> **Work item**
A faithful copy of the data is what is wanted, minus any pictures.

> **Data extract**
[Start of Attachment]

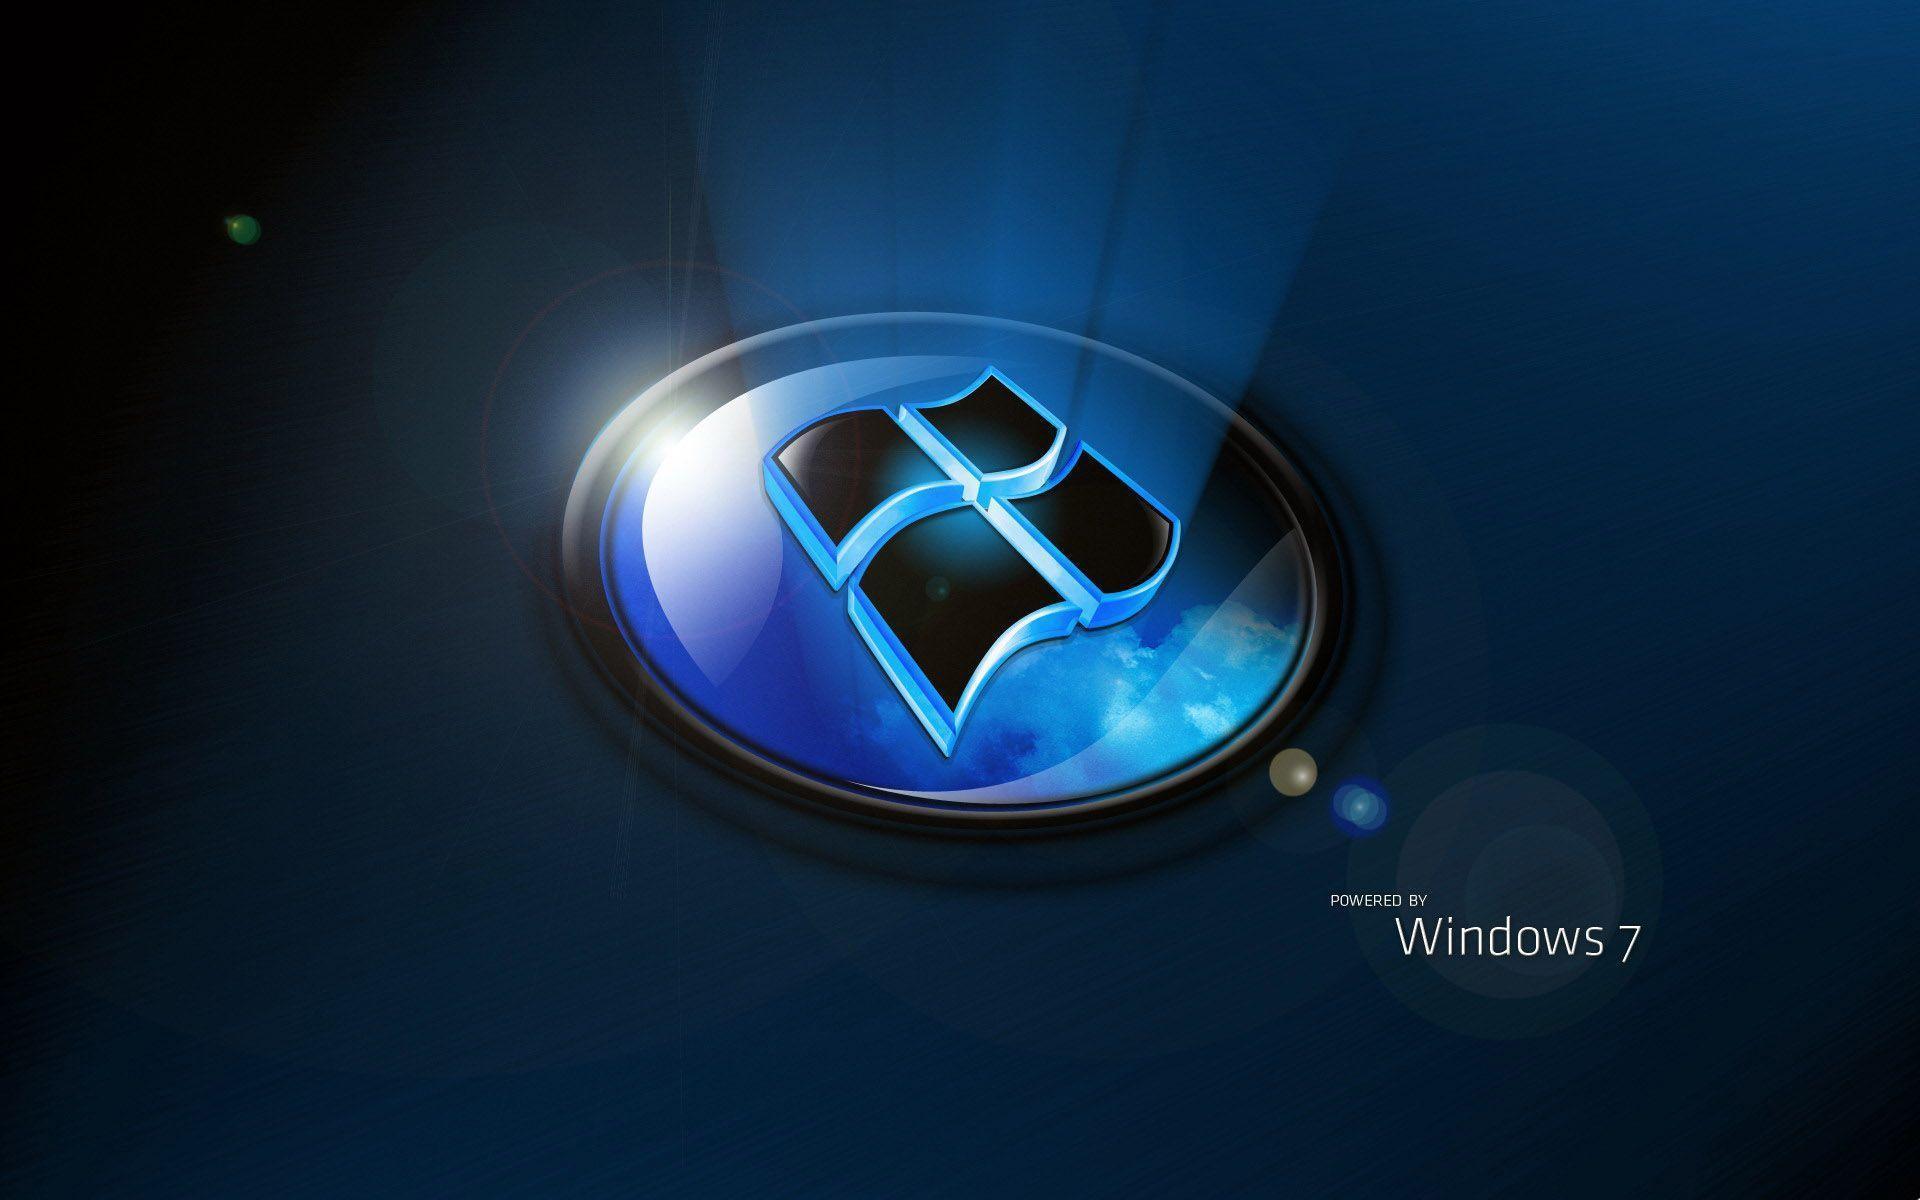 Wallpaper For > Awesome Windows 7 Wallpaper
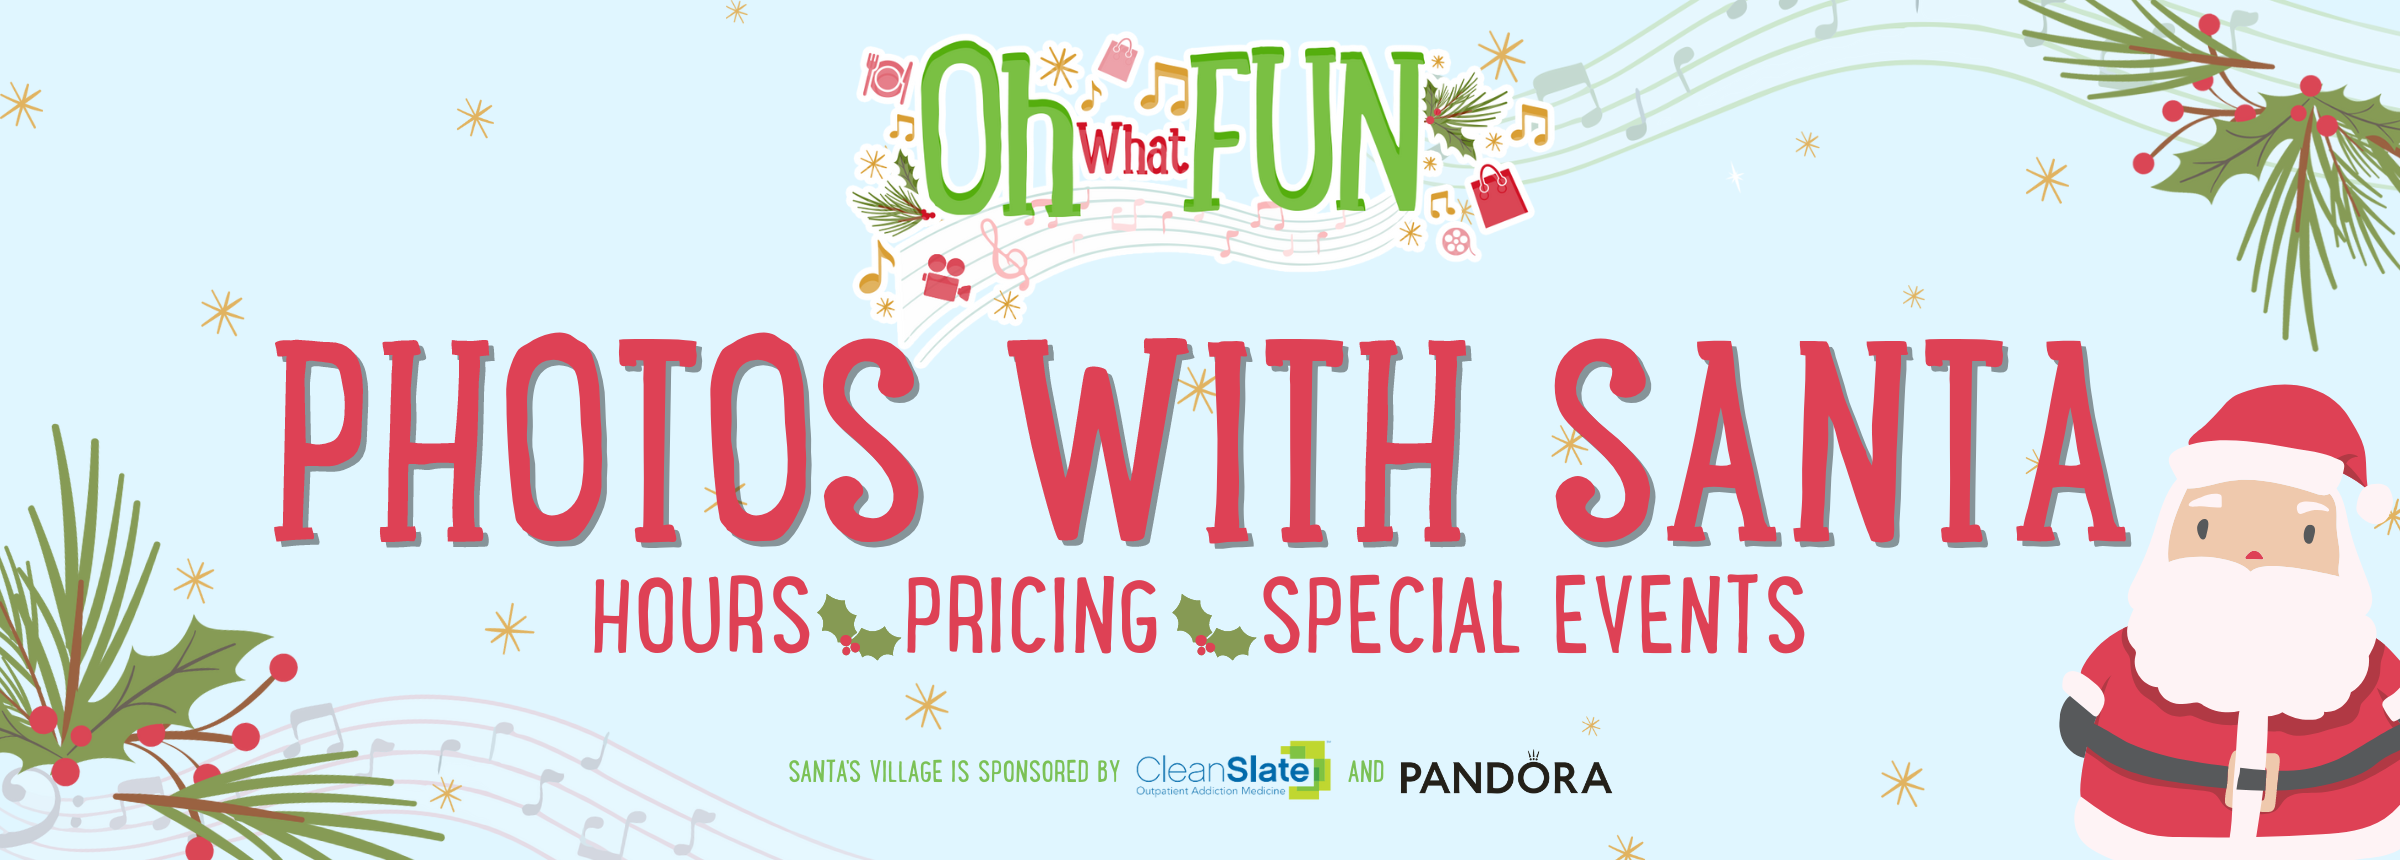 Photos with Santa: hours, pricing, special events
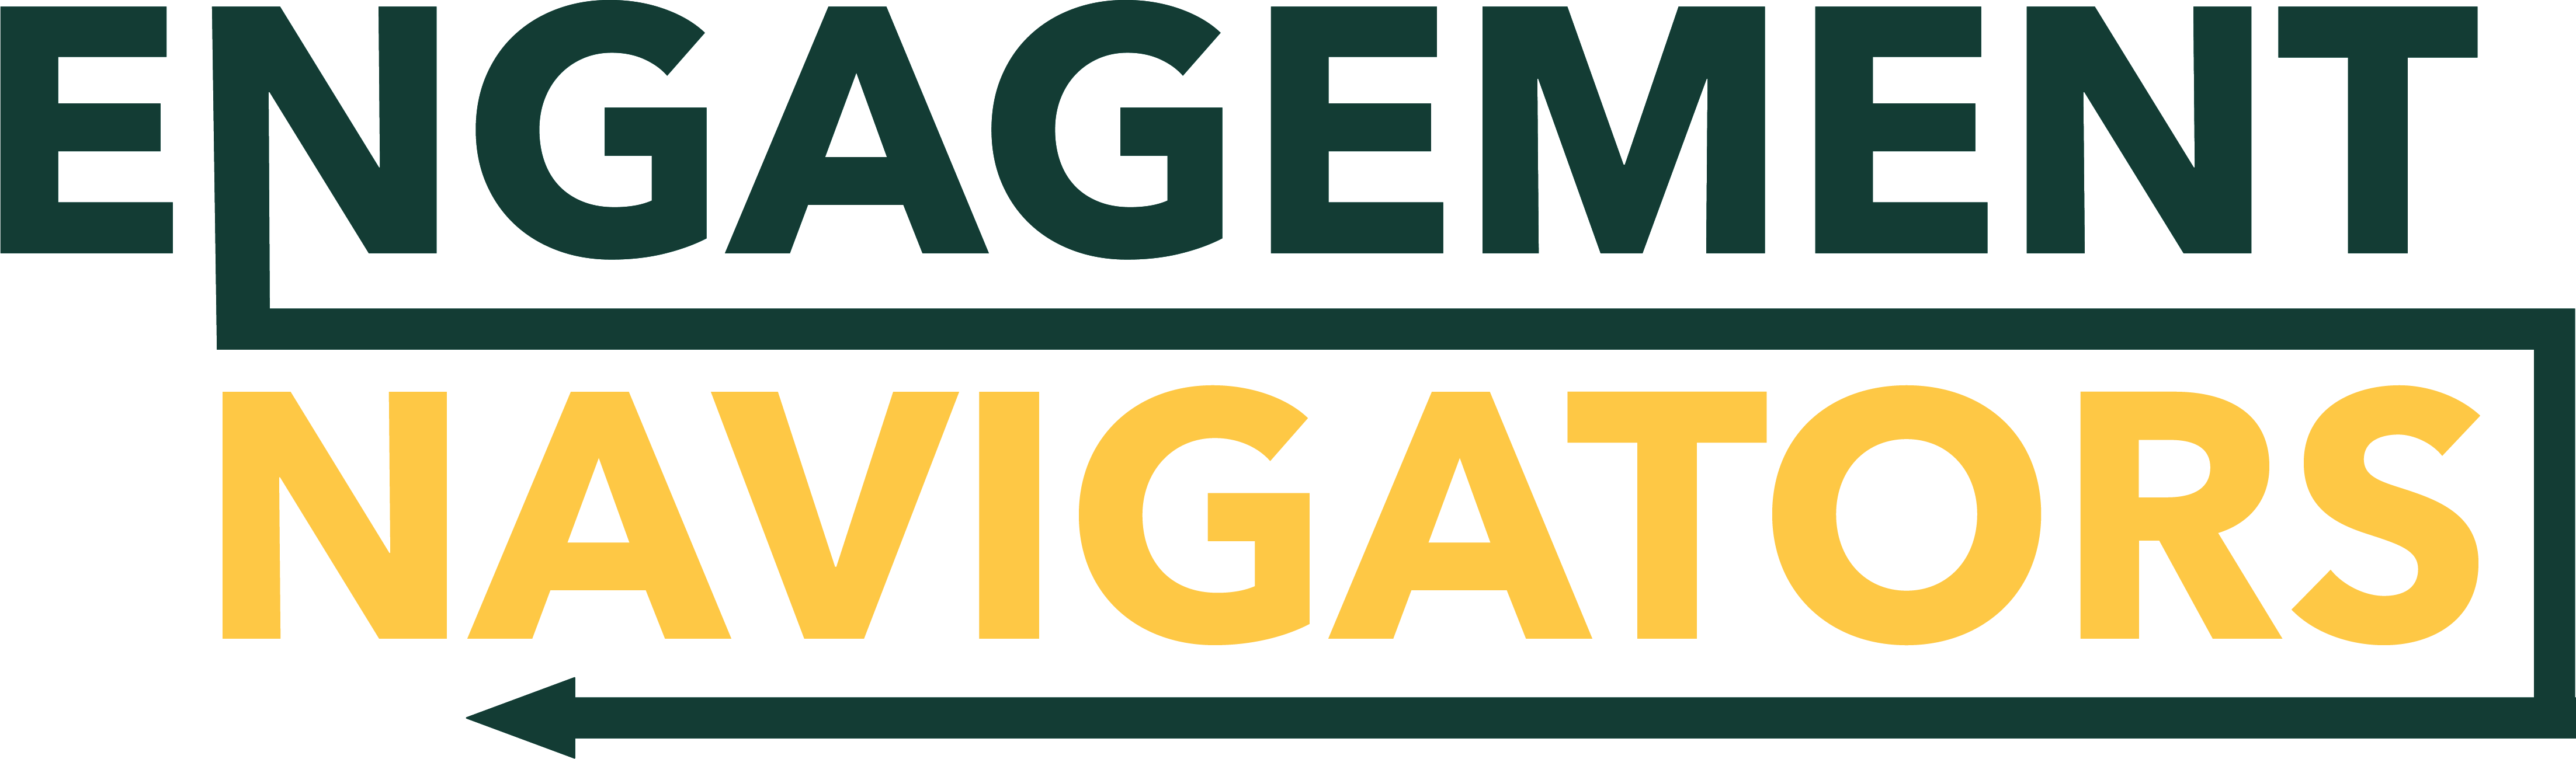 This is the engagement navigator logo

[End of Attachment]

> **Solution to the problem**
 Wallpaper For > Awesome Windows 7 Wallpaper
 Photos with Santa: hours, pricing, special events
 This is the engagement navigator logo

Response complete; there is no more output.